Tuesday, January 3, 2017

Words in the Dust

Summer is my favorite season for so many reasons. One is that I have so much more time for reading. The Audiobook SYNC program helps with that: every week they offer two free YA audiobooks for download. I love audiobooks, but they are pretty expensive for just me. So I take full advantage of the program, which is how I was introduced to Words in the Dust by Trent Reedy. 

I was a bit hesitant to read a book about Afghan girl written by an American soldier, but Reedy explains himself well in his Author's Note. He says, "Of course, another problem I had in keeping my promise is that I have never been a girl and I am not an Afghan.
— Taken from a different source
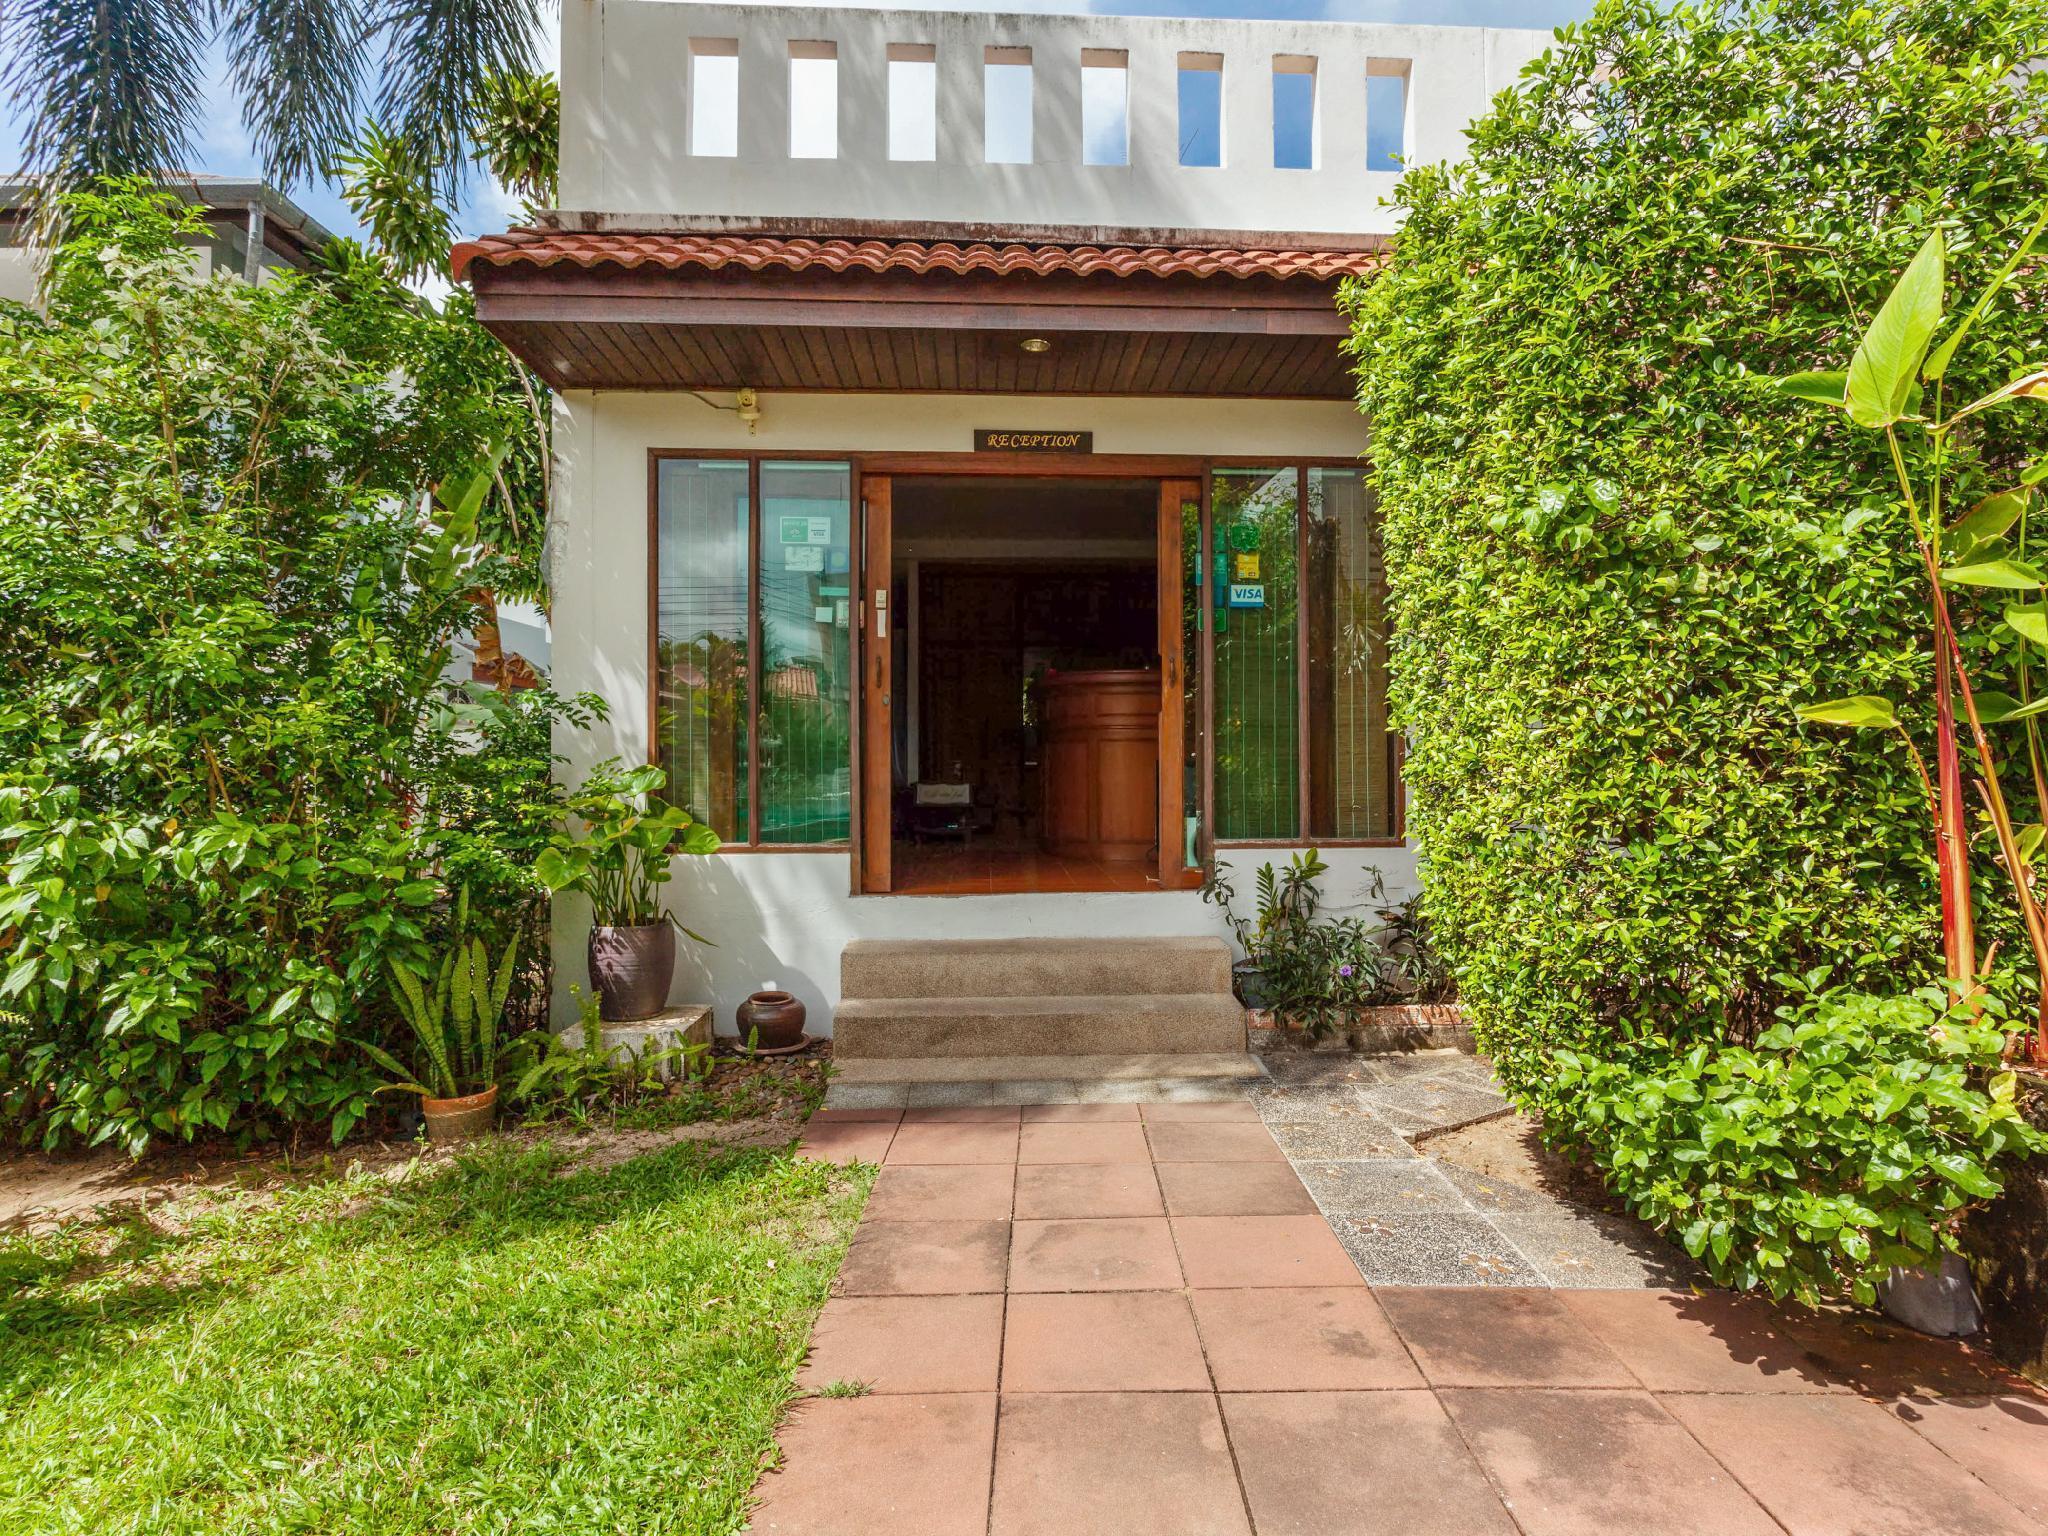 ULOVE Resort, Rawai Beach, Suitable Family/Group อพาร์ตเมนต์ 12 ห้องนอน 21 ห้องน้ำส่วนตัว ขนาด 800 ตร.ม. – หาดราไวย์

Many would say that stories about Afghan girls should best be told by Afghan girls. I agree completely. I would love nothing more than to read the story of the girl who we helped in her own words. However, the terrible reality is that by some estimates, 87 percent of Afghan women are illiterate." Knowing who the author is made me pay particular attention to how Americans are portrayed in the book. Yes, there are the savior bits where they give away gifts and selflessly help Zulaikha with her cleft lip. But the Americans also make huge mistakes by not learning enough about the culture, such as offering pork to Muslims. 

I enjoyed getting the background information on what life is like in a typical Afghan household, although I don't know if young readers will feel the same. I was rooting for Zulaikha to succeed despite all the odds stacked against her. And then, the book ended. I'm pretty sure that I just didn't download the final section of the audiobook, but if I didn't, it is the most abrupt ending ever. Some day, I'll have to check this out in a book store and see how it really ended.